US, Canada Condemn Russia’s War on Ukraine at Indonesia G20 Talks
Western finance ministers condemned Moscow’s invasion of Ukraine at G-20 talks in Indonesia on Friday, accusing Russian officials of complicity in atrocities committed during the war.
The two-day meeting on the island of Bali began under the shadow of a Russian military assault that has roiled markets, spiked food prices and stoked breakneck inflation, a week after Moscow’s top diplomat walked out of talks with the forum’s foreign ministers.
“Russia is solely responsible for negative spillovers to the global economy,” U.S. Treasury Secretary Janet Yellen told the Russian delegation in the opening session, according to a Treasury official.
“Russia’s officials should recognize that they are adding to the horrific consequences of this war through their continued support of the Putin regime. You share responsibility for the innocent lives lost.”
She was joined by Canadian Finance Minister Chrystia Freeland, who told Russia’s delegation they were responsible for “war crimes” in Ukraine because of their support for the invasion, a Canadian official said.
“It is not only generals who commit war crimes, it is the economic technocrats who allow the war to happen and to continue,” said Freeland, according to the official.
Both Russian Finance Minister Anton Siluanov and Ukrainian Finance Minister Serhiy Marchenko are participating virtually in the meeting.
Moscow instead sent Russian Deputy Finance Minister Timur Maksimov to attend the talks in person. He was present for both Yellen and Freeland’s condemnation, according to a source present at the talks.
Host and G-20 chair Indonesia warned ministers that failure to tackle energy and food crises would be catastrophic.
In her opening remarks, Indonesian Finance Minister Sri Mulyani Indrawati called on ministers to work together with a spirit of “cooperation” because “the world is watching” for solutions.
“The cost of our failure is more than we can afford,” she told delegates. “The humanitarian consequences for the world and for many low-income countries would be catastrophic.”
The meeting has largely focused on the food and energy crises that are weighing on an already brittle global recovery from the COVID-19 pandemic.
“(Russian President Vladimir) Putin’s actions including the destruction of agricultural facilities, theft of grain and farm equipment, and effective blockade of Black Sea ports amounts to using food as a weapon of war,” Yellen said in an afternoon seminar.
Indrawati said members had “identified the urgent need for the G-20 to take concrete steps” to address food insecurity and to help countries in need.
Yellen is also pressing G-20 allies for a price cap on Russian oil to choke off Putin’s war chest and pressure Moscow to end its invasion while bringing down energy costs.
Yellen in April led a multinational walkout of finance officials as Russian delegates spoke at a G-20 meeting in Washington, but there was no such action Friday.
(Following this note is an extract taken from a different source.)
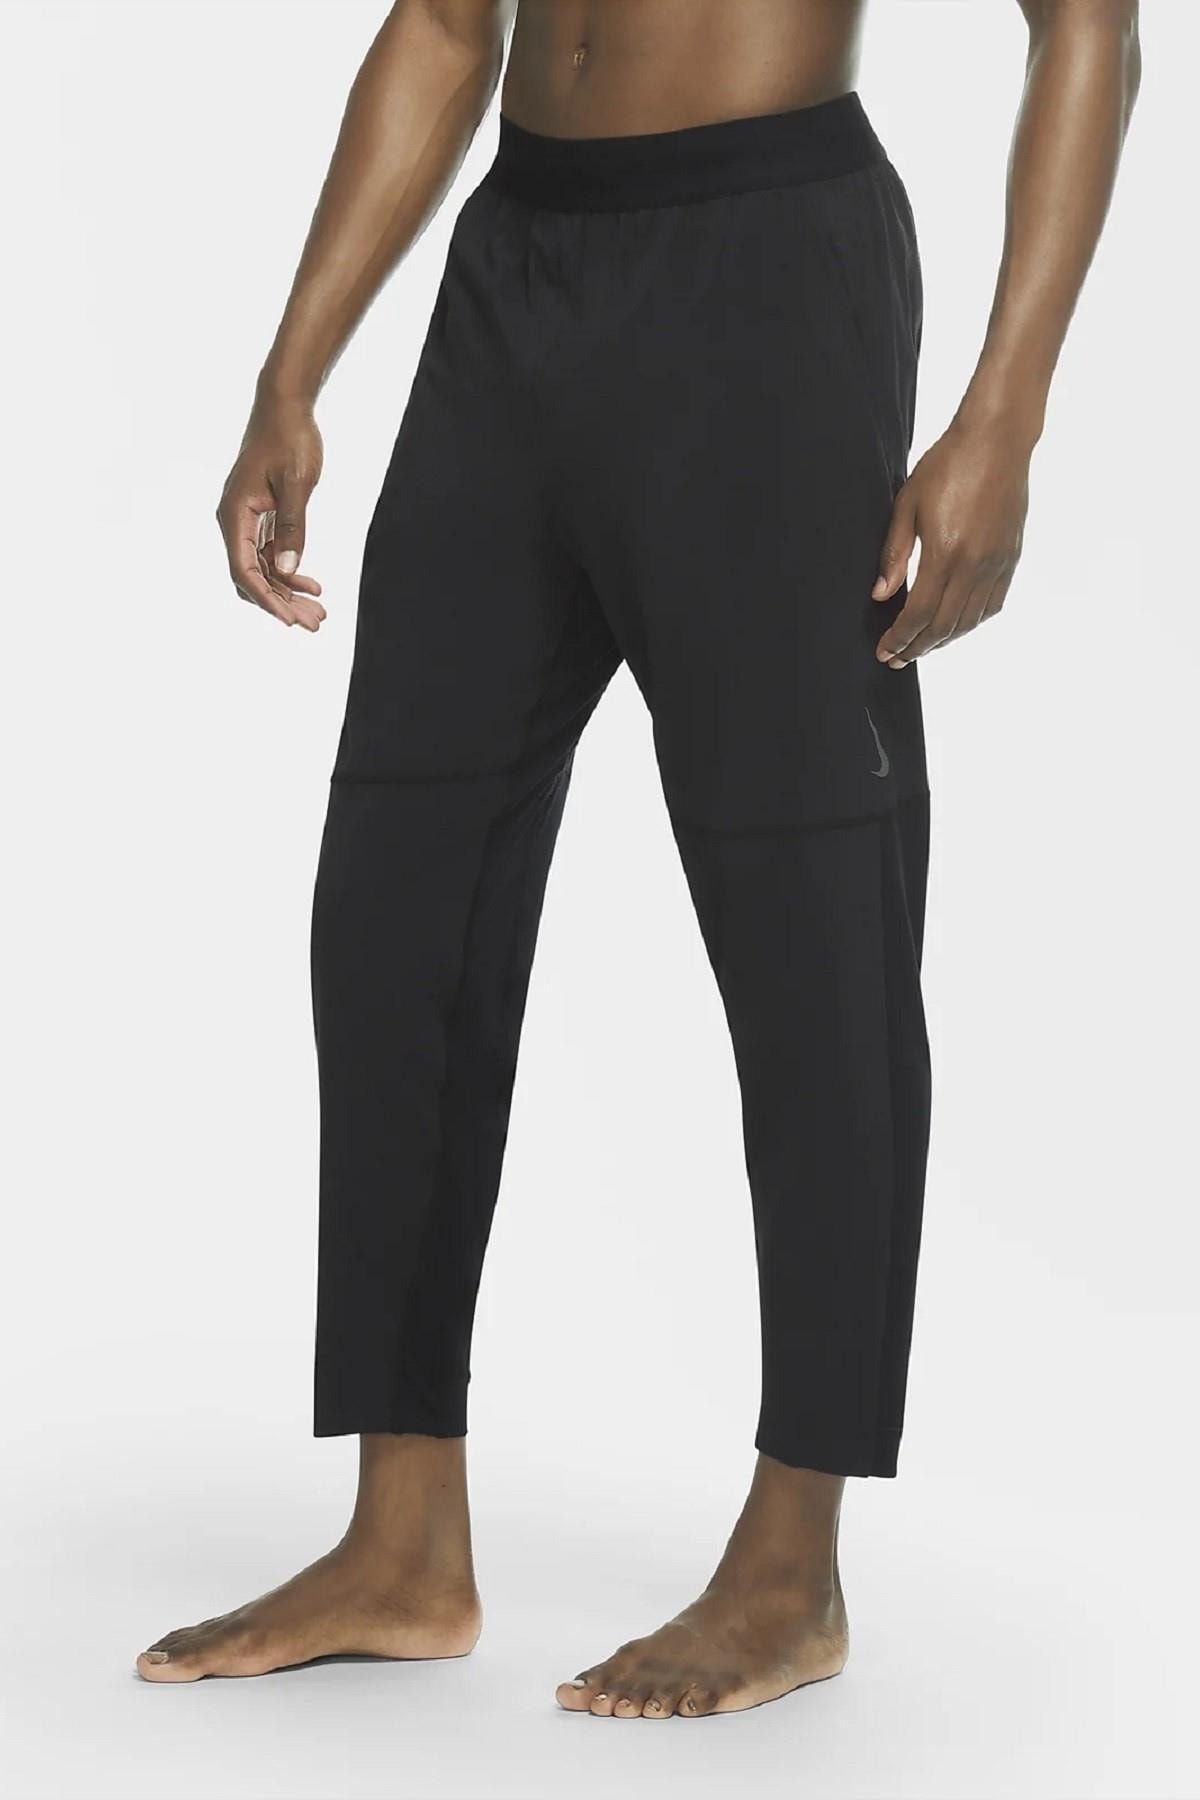 Nike Sportswear Yoga Pants Esnek Yapılı Siyah Eşofman Altı
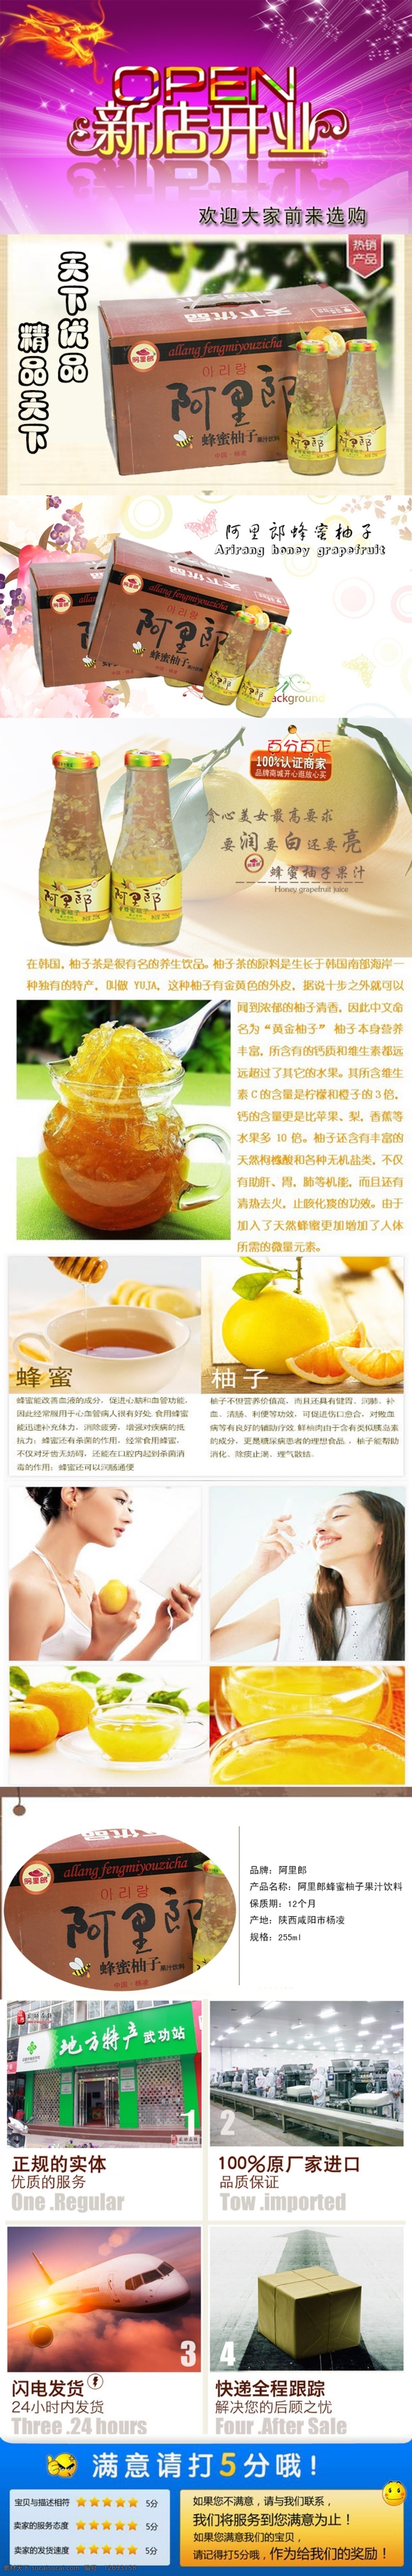 蜂蜜 柚子 商品 详情 页 蜂蜜柚子 详情页设计

There is unlikely to be a final communique issued when talks end on Saturday because of disagreements with Russia.
G-20 chair Indonesia — which pursues a neutral foreign policy — has refrained from uninviting Russia despite Western pressure.
“We need to act together to demonstrate why G-20 deserves its reputation as the premier forum for international cooperation,” Indrawati said.
Alongside Moscow and Kyiv’s ministers, Chinese Finance Minister Liu Kun and Britain’s new Finance Minister Nadhim Zahawi were only attending virtually.
International Monetary Fund chief Kristalina Georgieva will appear in person after saying Wednesday the global economic outlook had “darkened significantly” because of Moscow’s invasion.
European Central Bank president Christine Lagarde is participating virtually, but World Bank Chief Executive David Malpass will not attend.
The meeting is a prelude to the leaders’ summit on the Indonesian island in November that was meant to focus on the global recovery from the COVID-19 pandemic.
Other issues being tackled by the ministers included digital financial inclusion — with more than a billion of the world’s population still without access to a bank account — and the deadline for an international tax rules overhaul.